* _What the exercise asks_: Repeat the records below exactly from the line containing "True North Hoodie" to the line containing "screenshot of the", taking in both of those lines. Drop the pictures.

* _Records_:
=== Section Start ===
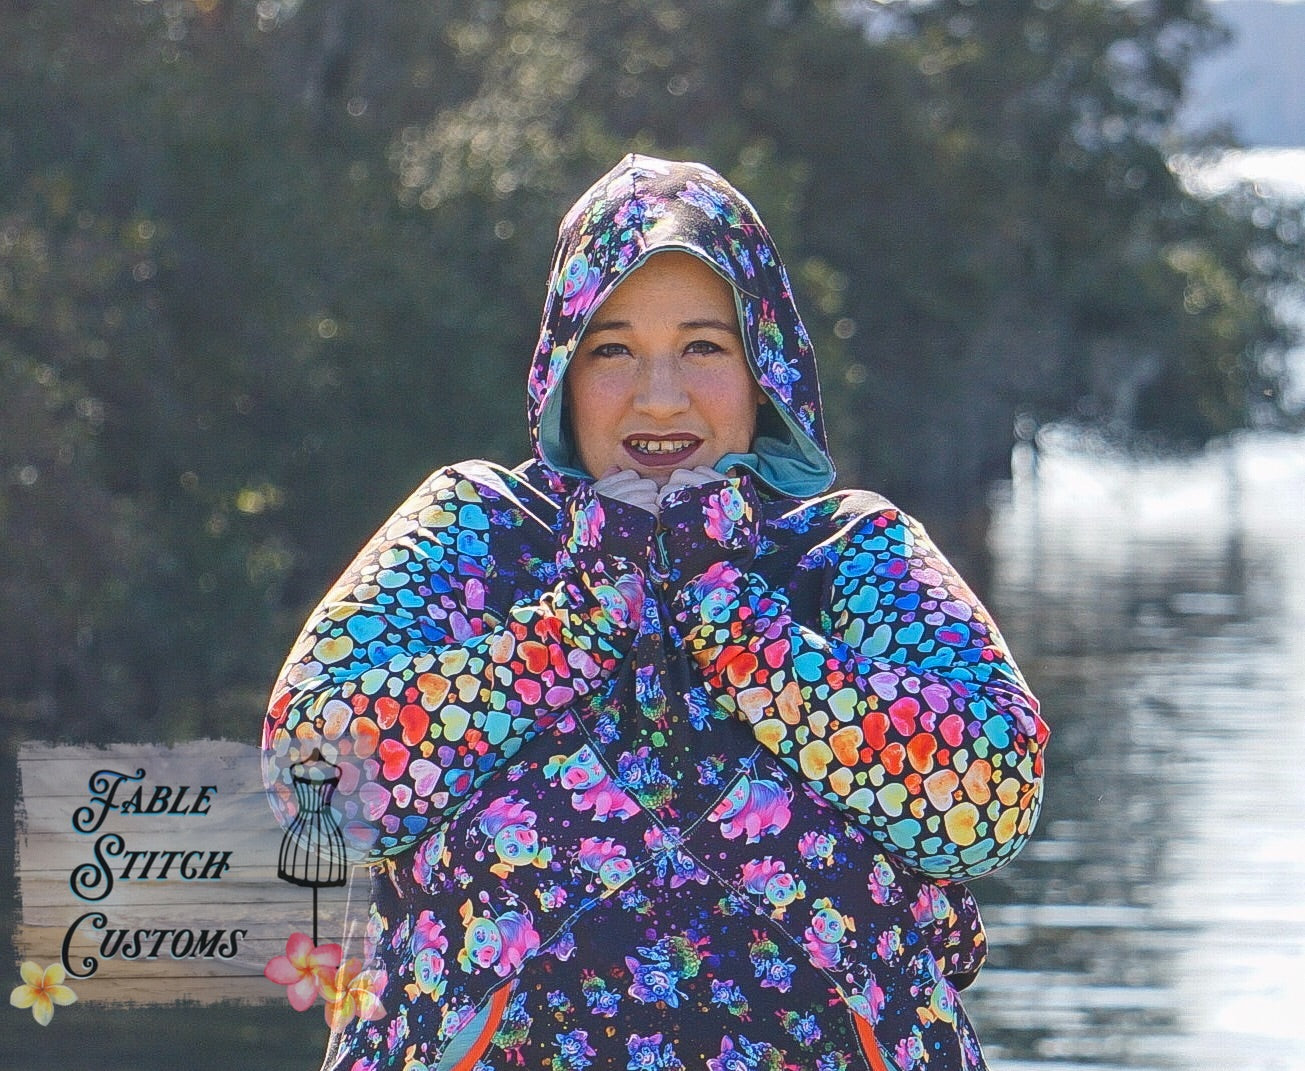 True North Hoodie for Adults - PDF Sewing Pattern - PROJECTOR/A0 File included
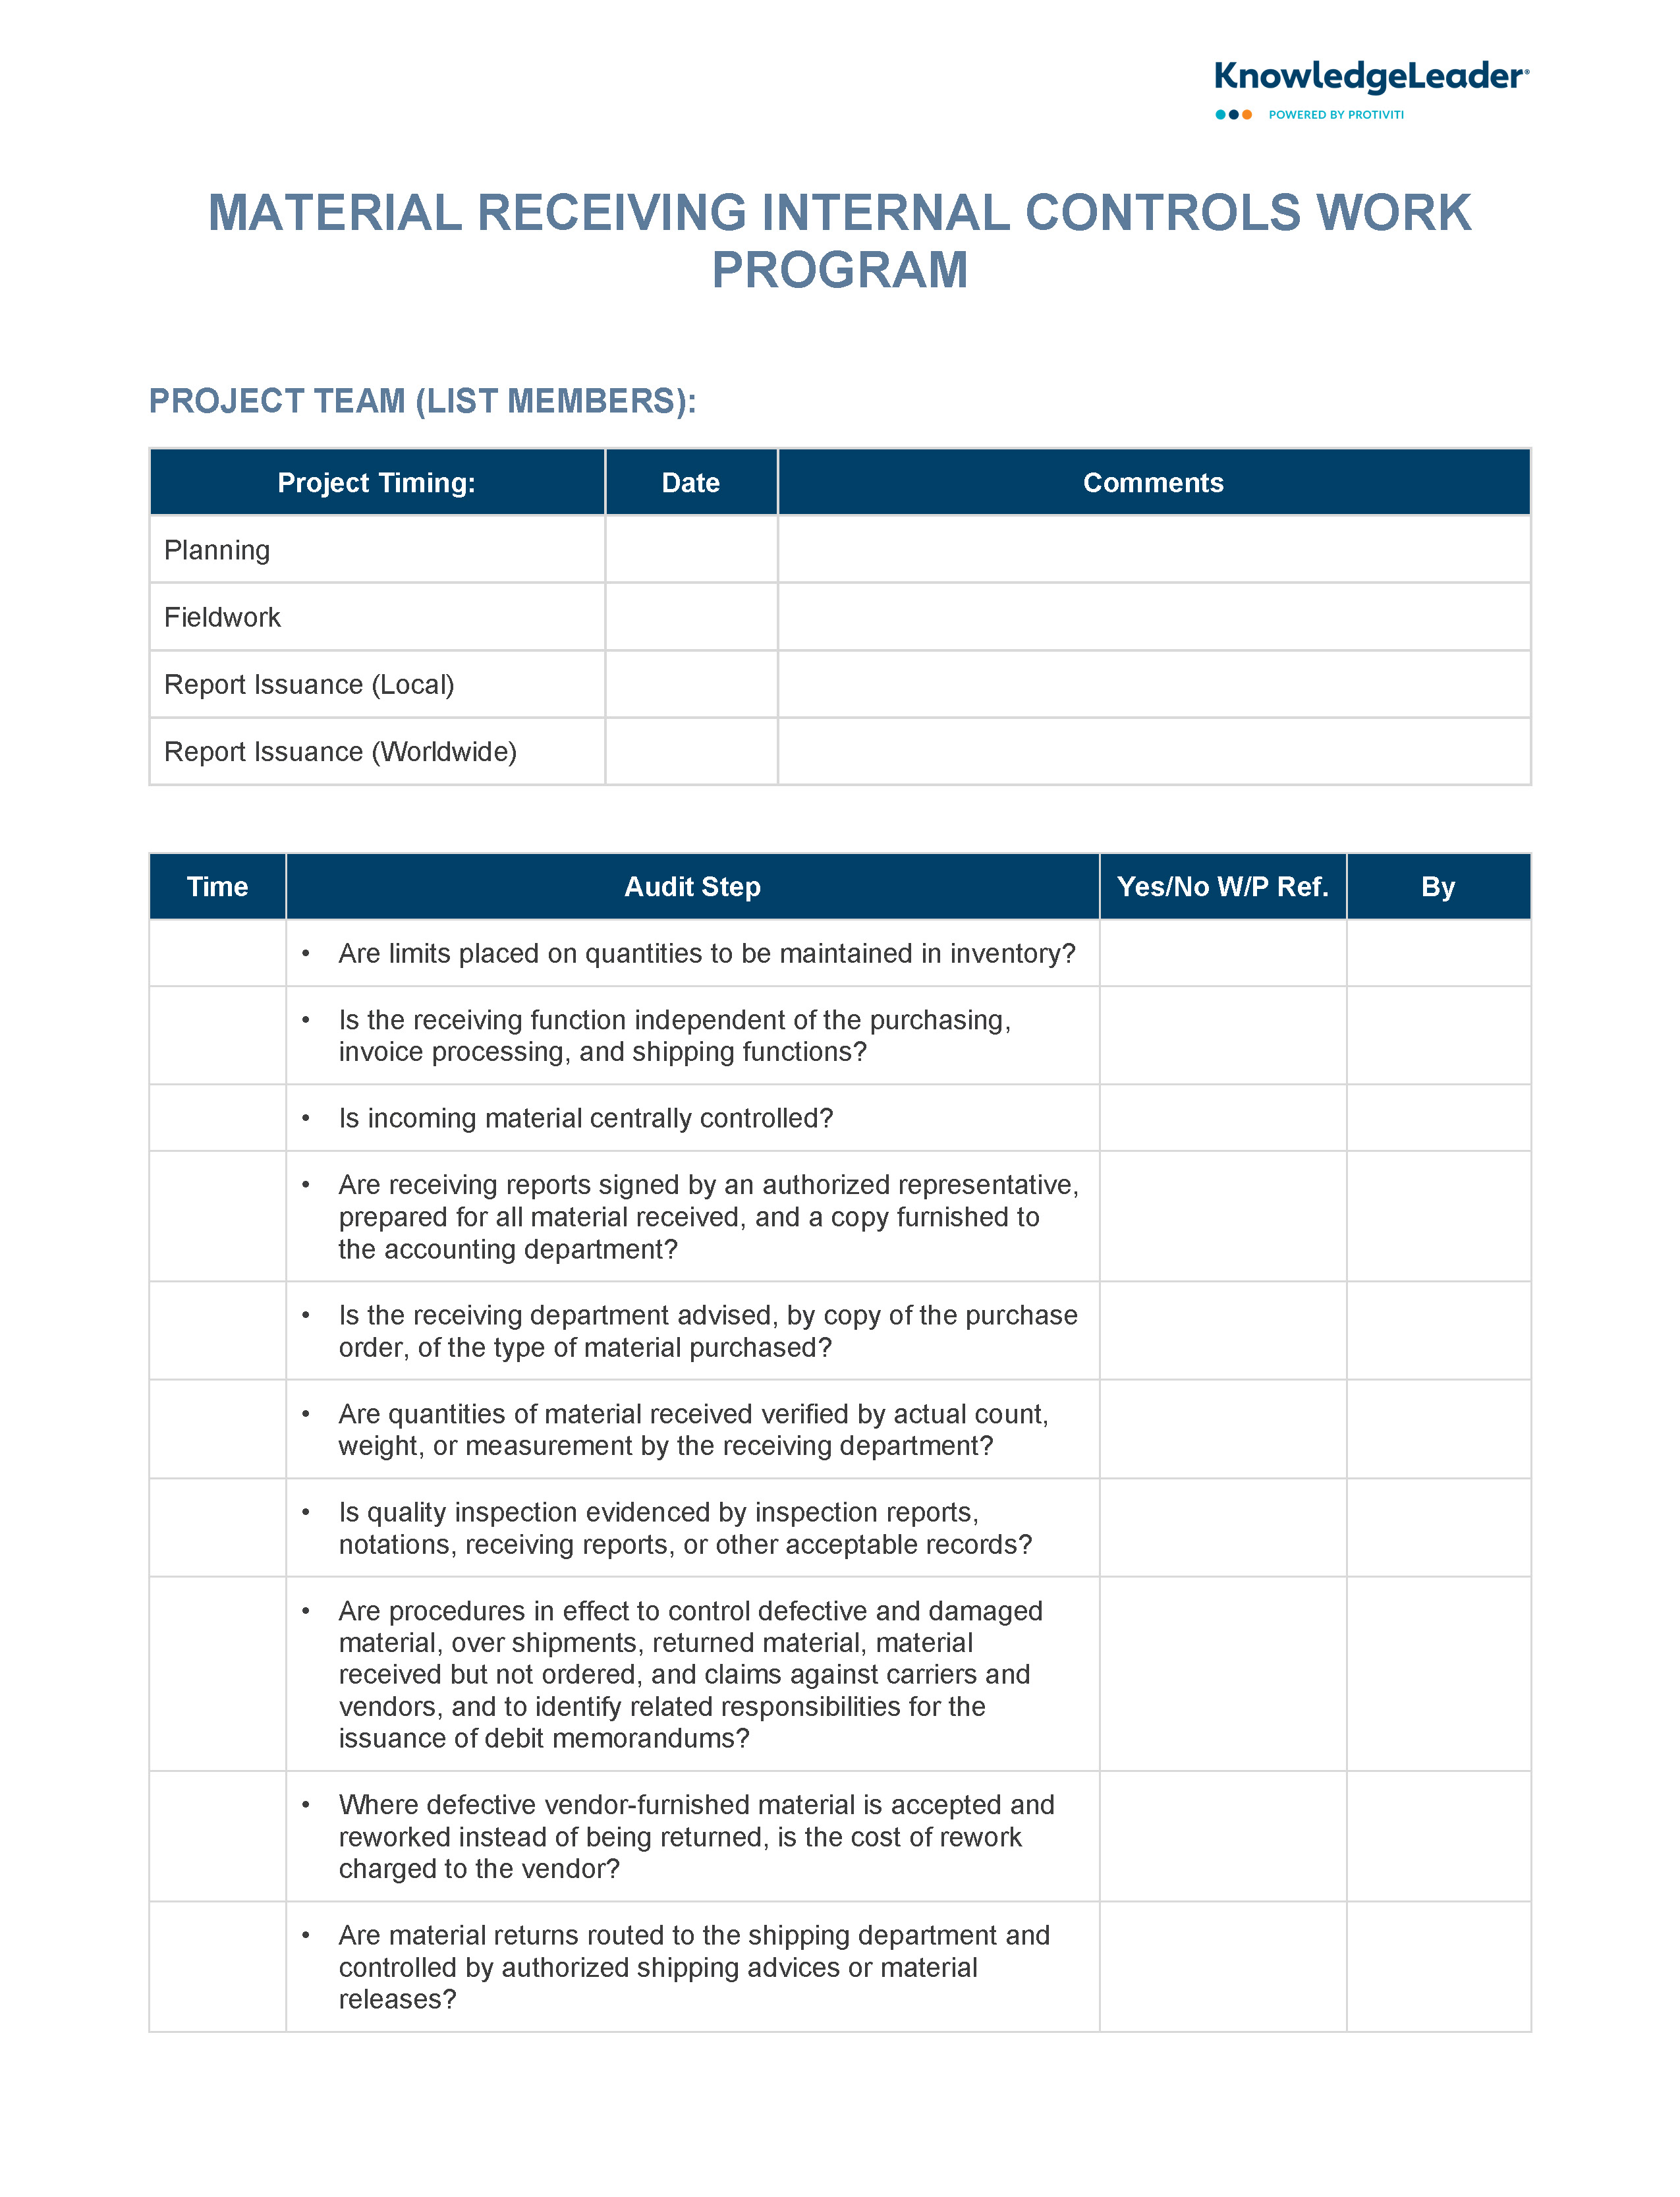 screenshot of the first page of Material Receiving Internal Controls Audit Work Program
=== Section End ===
=== Section Start ===
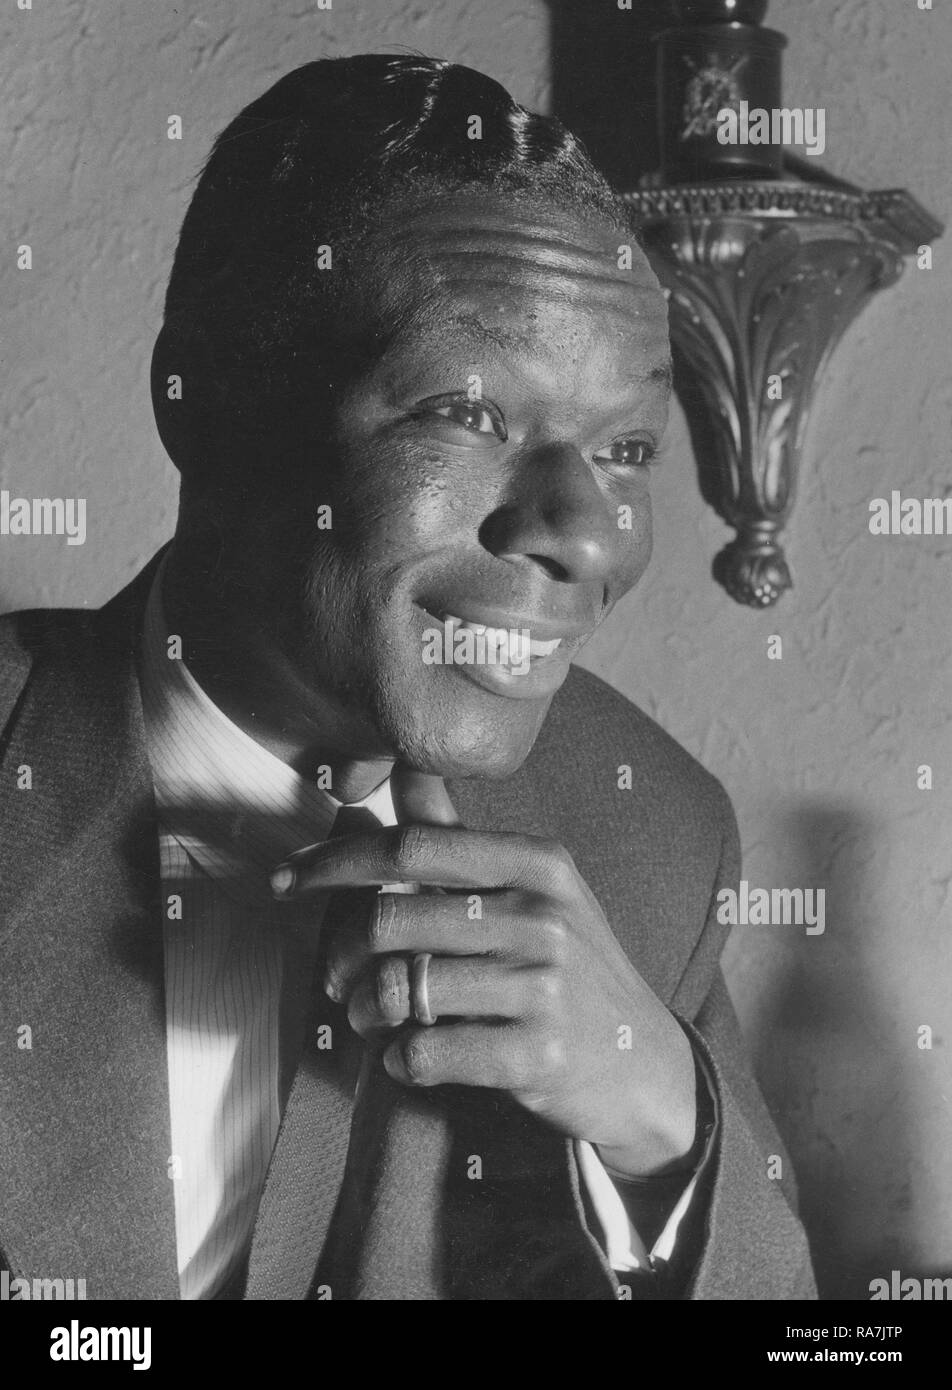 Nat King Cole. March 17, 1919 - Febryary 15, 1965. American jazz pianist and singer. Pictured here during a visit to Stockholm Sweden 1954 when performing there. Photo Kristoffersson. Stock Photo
=== Section End ===
=== Section Start ===
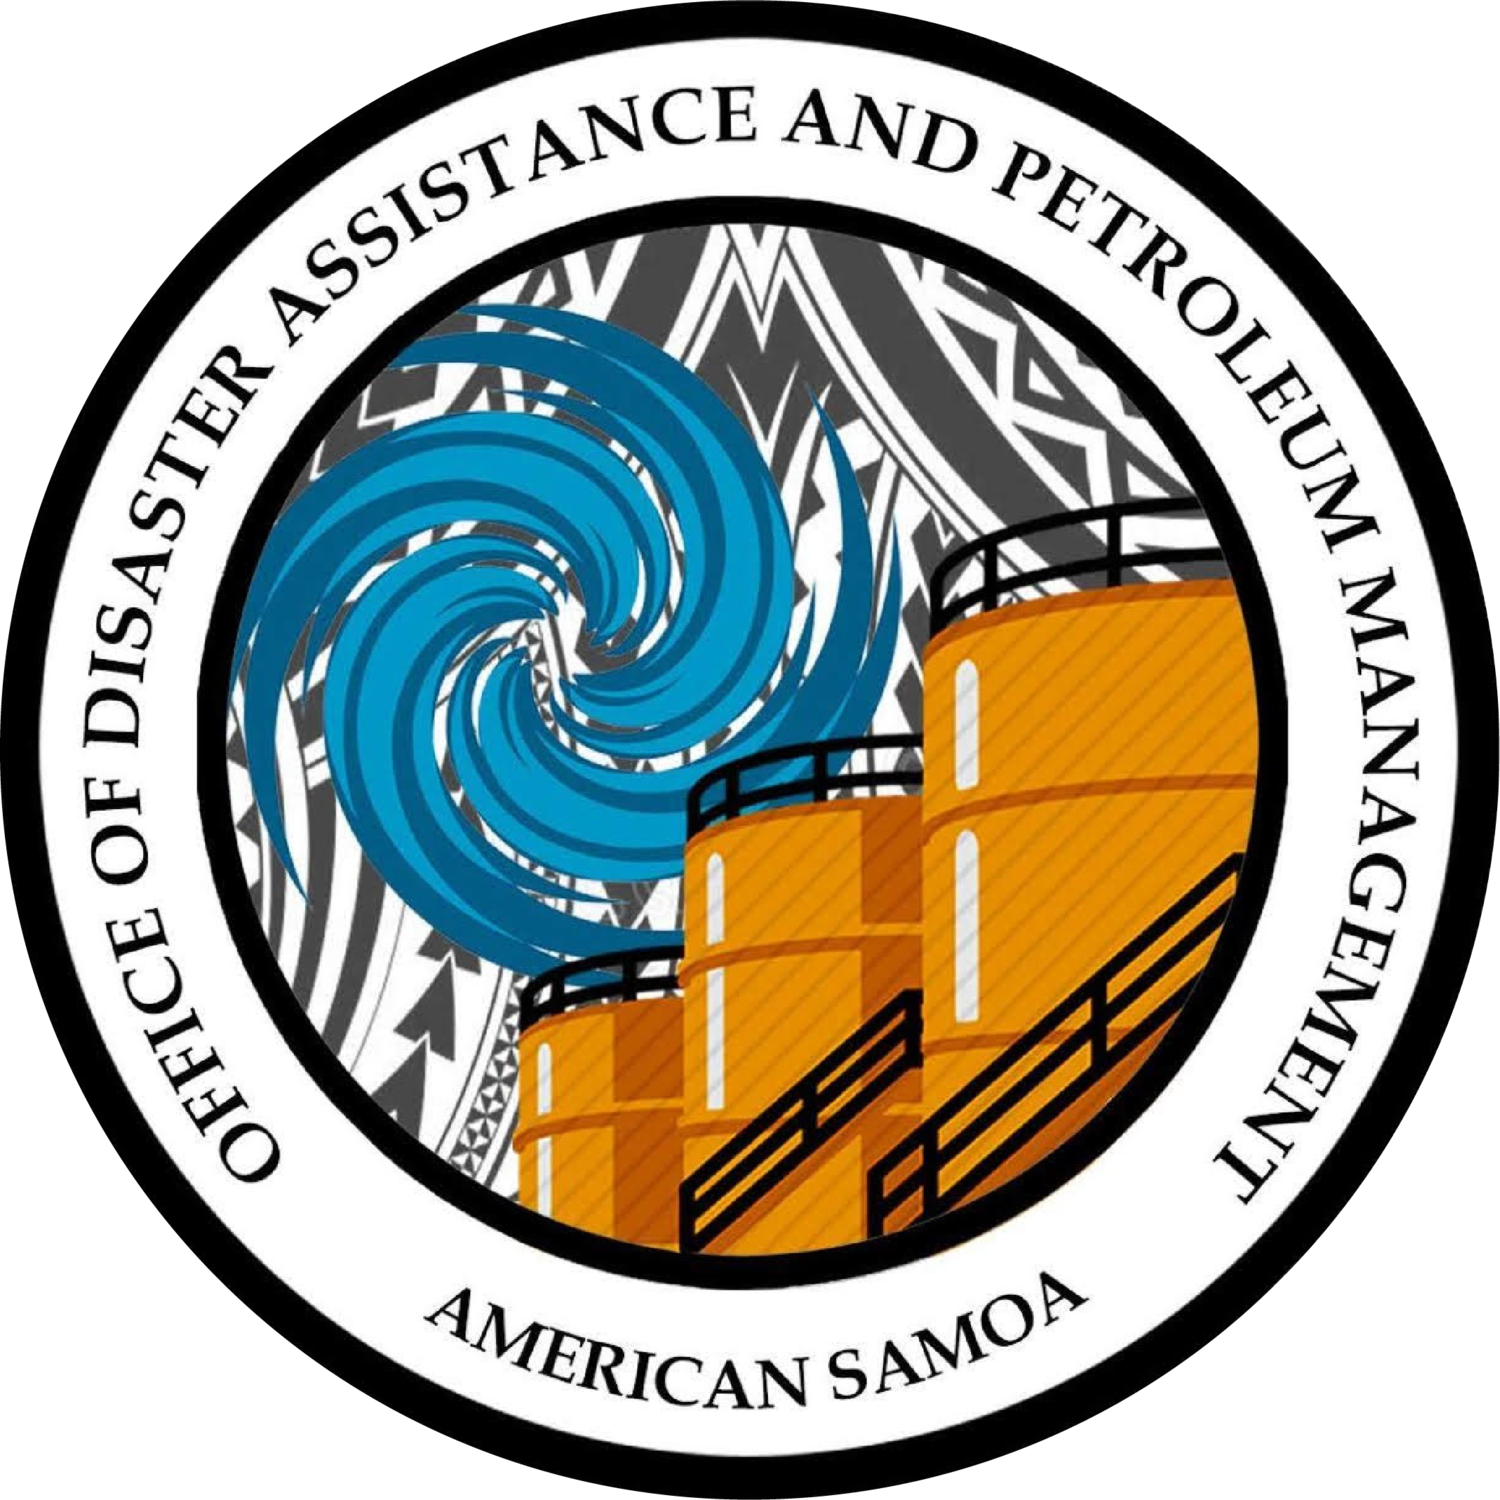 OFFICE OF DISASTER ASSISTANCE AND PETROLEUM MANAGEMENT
=== Section End ===
* _Response to this task_:
 True North Hoodie for Adults - PDF Sewing Pattern - PROJECTOR/A0 File included
 screenshot of the first page of Material Receiving Internal Controls Audit Work Program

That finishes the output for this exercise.